-2

I am using SimpleHTMLDOM to scrape pages (in servers other than mine).

The basic implementation is

try {
    $html = file_get_html(urldecode(trim($url)));
} catch (Exception $e) {
    echo $url;
}

foreach ($html->find('img') as $element) {
  $src = "";
  $src = $element->src;
    if (preg_match("/\.(?:jpe?g|png)$/i", $src)) {
        $images[] = $src;
    }
}

This works fine but it returns all images from the page, including small avatars, icons, and button images. Of course I'd like to avoid these.

I then tried to insert within the loop as follows

...

if (preg_match("/\.(?:jpe?g|png)$/i", $src)) {
    $size = getimagesize($src);
    if ($size[0] > 200) {
        $images[] = $src;
    }
}
...

That works well on a page like http://cnn.com. But in others it returns numerous errors. For example

http://www.huffingtonpost.com/2012/05/27/alan-simpson-republicans_n_1549604.html

gives a bunch of errors like

<p>Severity: Warning</p>
<p>Message:  getimagesize(/images/snn-logo-comments.png): failed to open stream: No such file or directory
<p>Severity: Warning</p>
<p>Message:  getimagesize(/images/close-gray.png): failed to open stream: No such file or directory

which seem to happening because of relative URLs in some images. The problem here is that this crashes the script and then no images a loaded, with my Ajax box loading forever.

Do you have any ideas how to troubleshoot this?

pepe
  • 9,799
  • 25
  • 110
  • 188
  • Whoever downvoted please justify. – pepe May 28 '12 at 22:54
  • 1
    Scraping causes a lot of alarm bells to go off around here. It can help to put in some context about your legitimate reasons for doing this, to let people know they're not aiding and abetting content thievery. – grossvogel May 28 '12 at 22:57
  • and you have permission from the site owners to do this ? –  May 28 '12 at 23:06
  • Are you serious? Have you ever heard of Pinterest or Facebook? – pepe May 28 '12 at 23:08
  • ever heard of copyright? –  May 28 '12 at 23:09
  • I'm also a little "Oh, this" about this question, but I don't think we should judge without any facts. Scraping is __kind__ of sleazy looking, but then again who knows what it's for. Also, is it that difficult for the admins of these sites to see him scraping and block the IP? Of course, ways around that...but if you're scraping and getting cut off and then finding a workaround, well, then you're an a$$. – phatskat May 28 '12 at 23:24
  • Oh my @dagon, I'm not having this discussion. Points made by grossvogel are valid. – pepe May 28 '12 at 23:26

3 Answers3

1

The problem is that the image URLs are relative to the site root, so your server can't make sense of them to fetch them and find out their size.
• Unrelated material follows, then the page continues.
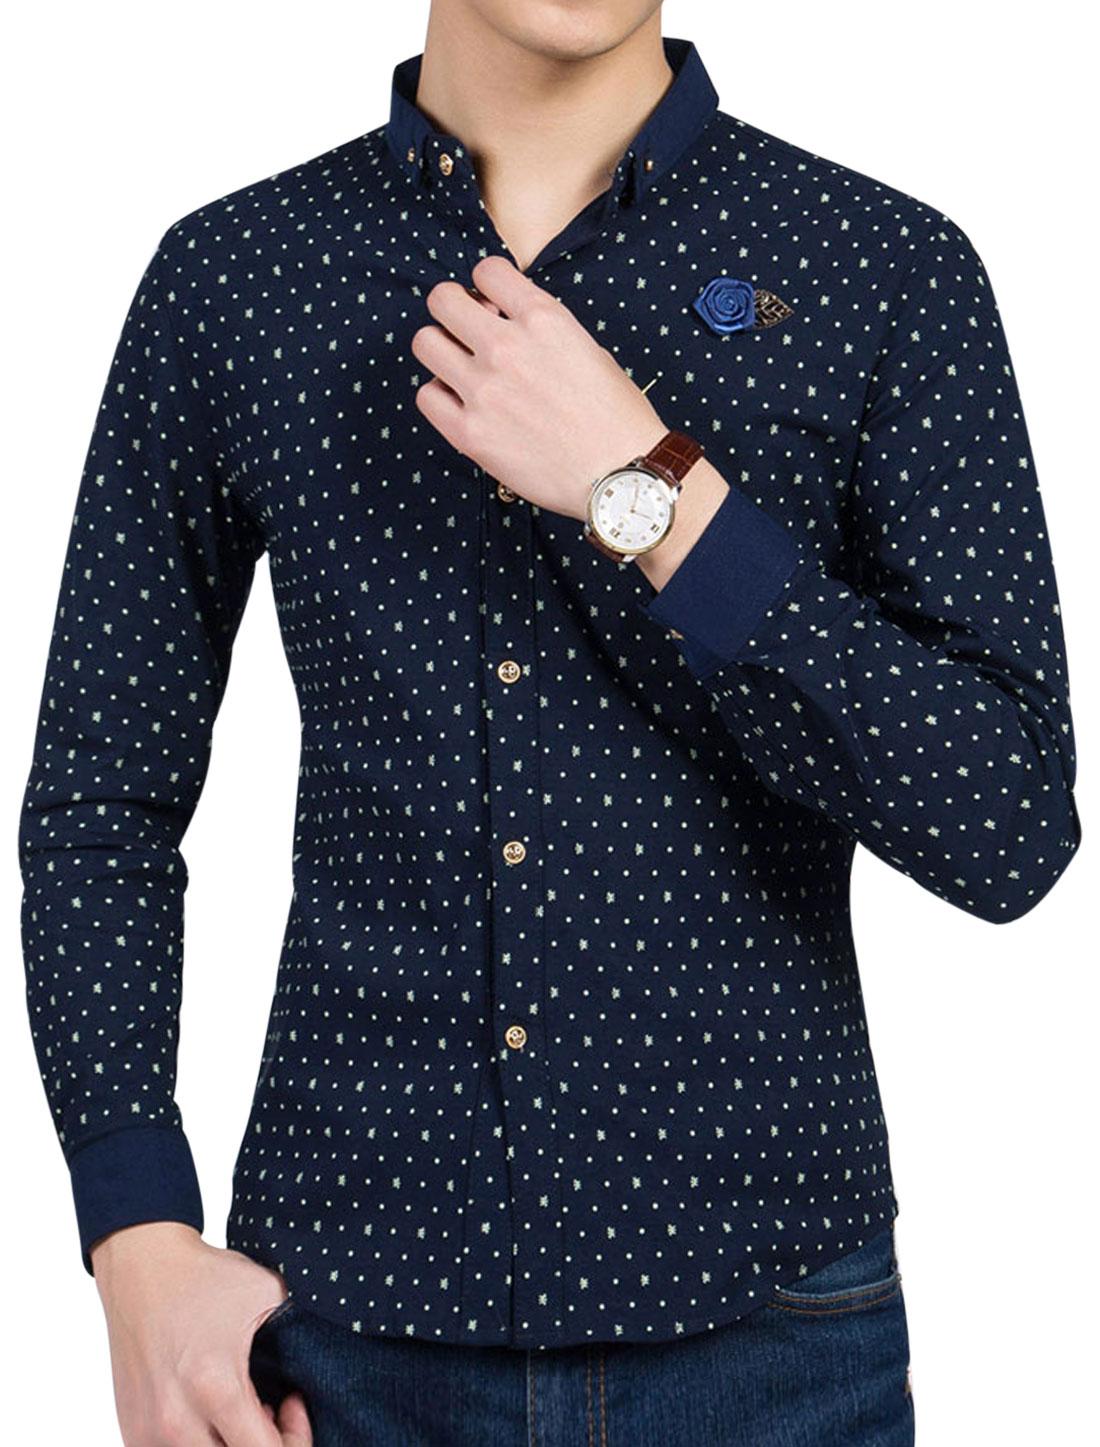 Man Novelty Dots Prints Turn Down Collar Casual Shirt w Brooch Navy Blue M

You could refer to this question to figure out how to get absolute URLs from relative ones.

Community
  • 1
  • 1
grossvogel
  • 6,694
  • 1
  • 25
  • 36
0

The approach you tried with image size checking is correct.

However, in order for it to work on all sites, you would need to add some kind of relative URL parsing.

I don't know if there are any libraries or such for it but here's a quick overview on how to do it:

  • Find the domain part of the URL you're scraping
  • Assume any URL starting with / is an absolute URL. You can fetch these simply by concatenating domain and path
  • Assume any URL not starting with / is relative. You may need to parse any .. markers in the URL to locate the expected path
  • Check for the <base> tag in the document: If the document has a <base> tag, it will anchor all relative paths into the path defined in the tag.

You may be able to find a library to convert relative paths and absolute paths into something you can use, but in most cases they will not account for the <base> tag mentioned in the last point.

Jani Hartikainen
  • 42,745
  • 10
  • 68
  • 86
0

Try something like this assuming a url of http://somedomain.com...

$domain = explode('/', $url);
$domain = $domain[2];

// ... snip ...

if (preg_match("/\.(?:jpe?g|png)$/i", $src)) {
    $size = getimagesize($src);
    if ($size[0] > 200) {
        if(strpos($src, '/', 0) === 0)
            $src = $domain . $src;

        $images[] = $src;
    }
}

This will help some, but it won't be fool-proof - I can't think of many domains using ../../etc relative paths to images, but I'm sure someone is - of course, you could test for a match of anything other than the domain in the image's src attribute, and try throwing the domain on there but no promises that will work every time either. I would think there's a better way... perhaps have a default method and load a config with predefined domain "fixes" for troublesome domains.

phatskat
  • 1,797
  • 1
  • 15
  • 32